Já na classe do topo da pirâmide social, a A, houve queda no valor médio da fatura no período analisado: de 10%, para R$ 1.620.

Potencial

Os dados foram apresentados pelo diretor da Abecs (Associação Brasileira das Empresas de Cartões de Crédito e Serviços), Ivo Vieitas, durante o 5º CMEP (Congresso Brasileiro de Meios Eletrônicos de Pagamento), que aconteceu na semana passada em São Paulo.

Eles mostraram que, nas classes mais baixas, há um potencial maior de crescimento para o mercado de cartões. Isso porque, nas classes D e E, a penetração é de apenas 15%.

Já na classe C, a penetração dos cartões é de 30%, mas chega a ser de 45% na classe B e atinge o máximo de 62% na classe A.

De acordo com os dados, 89% da população brasileira se encontra nas classe C, D e E, que detêm 56% da massa salarial. Porém, apenas 49% das pessoas com cartão de crédito estão nessas classes.

20 de out. de 2010

FATURAMENTO DO SETOR DE CARTÕES SOBE 20% EM 2010

jornal Folha de S. Paulo 20/10/2010 – Cristina Frias

O faturamento do setor de cartões de crédito deverá ter alta de 20,27%, ao atingir R$ 534 bilhões até o final de dezembro de 2010, segundo Paulo Caffarelli, presidente da Abecs (Associação Brasileira das Empresas de Cartões de Crédito e Serviços). No ano passado, foi de R$ 444 bilhões.

O número de transações com o "dinheiro de plástico" deverá fechar o ano com crescimento de 16,8%, segundo estimativa da Abecs para o acumulado de 2010 até dezembro.

Neste ano, foram 7,1 bilhões de transações ante 6,1 bilhões registradas em 2009.

Os números do setor serão divulgados por Caffarelli, que é também vice-presidente do Banco do Brasil, hoje, no 5º Congresso Brasileiro de Meios Eletrônicos de Pagamento, promovido pela Abecs e pela Febraban (Federação Brasileira de Bancos).

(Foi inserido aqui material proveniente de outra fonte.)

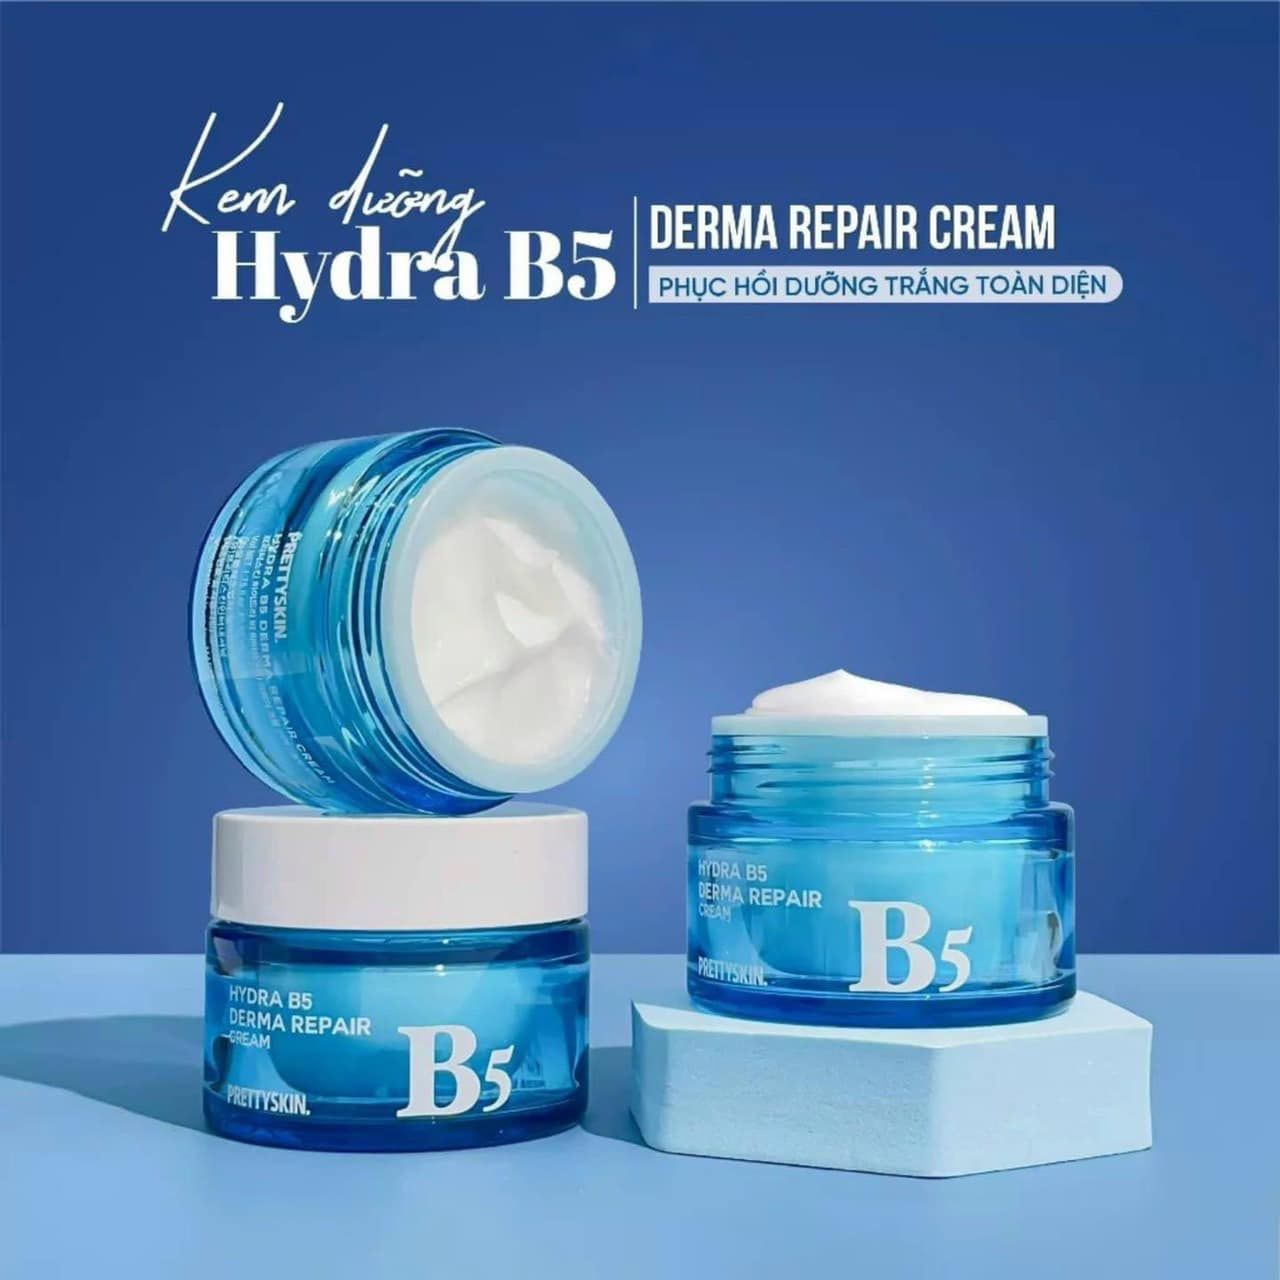 Kem dưỡng Pretty Skin Hydra B5 Derma Repair Cream 52ml Thanh Chân Cosmetics  cửa hàng mỹ phẩm chính hãng

A entidade vai entregar ainda nesta semana uma carta de intenções ao Ministério da Justiça em que assume três compromissos, entre eles, o de não enviar cartões a clientes que não solicitaram o "dinheiro de plástico".

Segundo a Abecs, a carta menciona também a obrigação dos bancos de enviar cópia do contrato da relação entre o cliente e a instituição.

Quanto aos juros cobrados, o banco deverá "colocar de forma bem transparente a taxa incidente, caso o cliente opte pelo crédito rotativo", diz Caffarelli.

A expectativa da associação, de acordo com Caffarelli, é que o governo padronize as tarifas cobradas pelos bancos emissores em seus cartões de pagamento.
Devem sobrar entre 10 e 15 taxas das 45 hoje praticadas pelas instituições.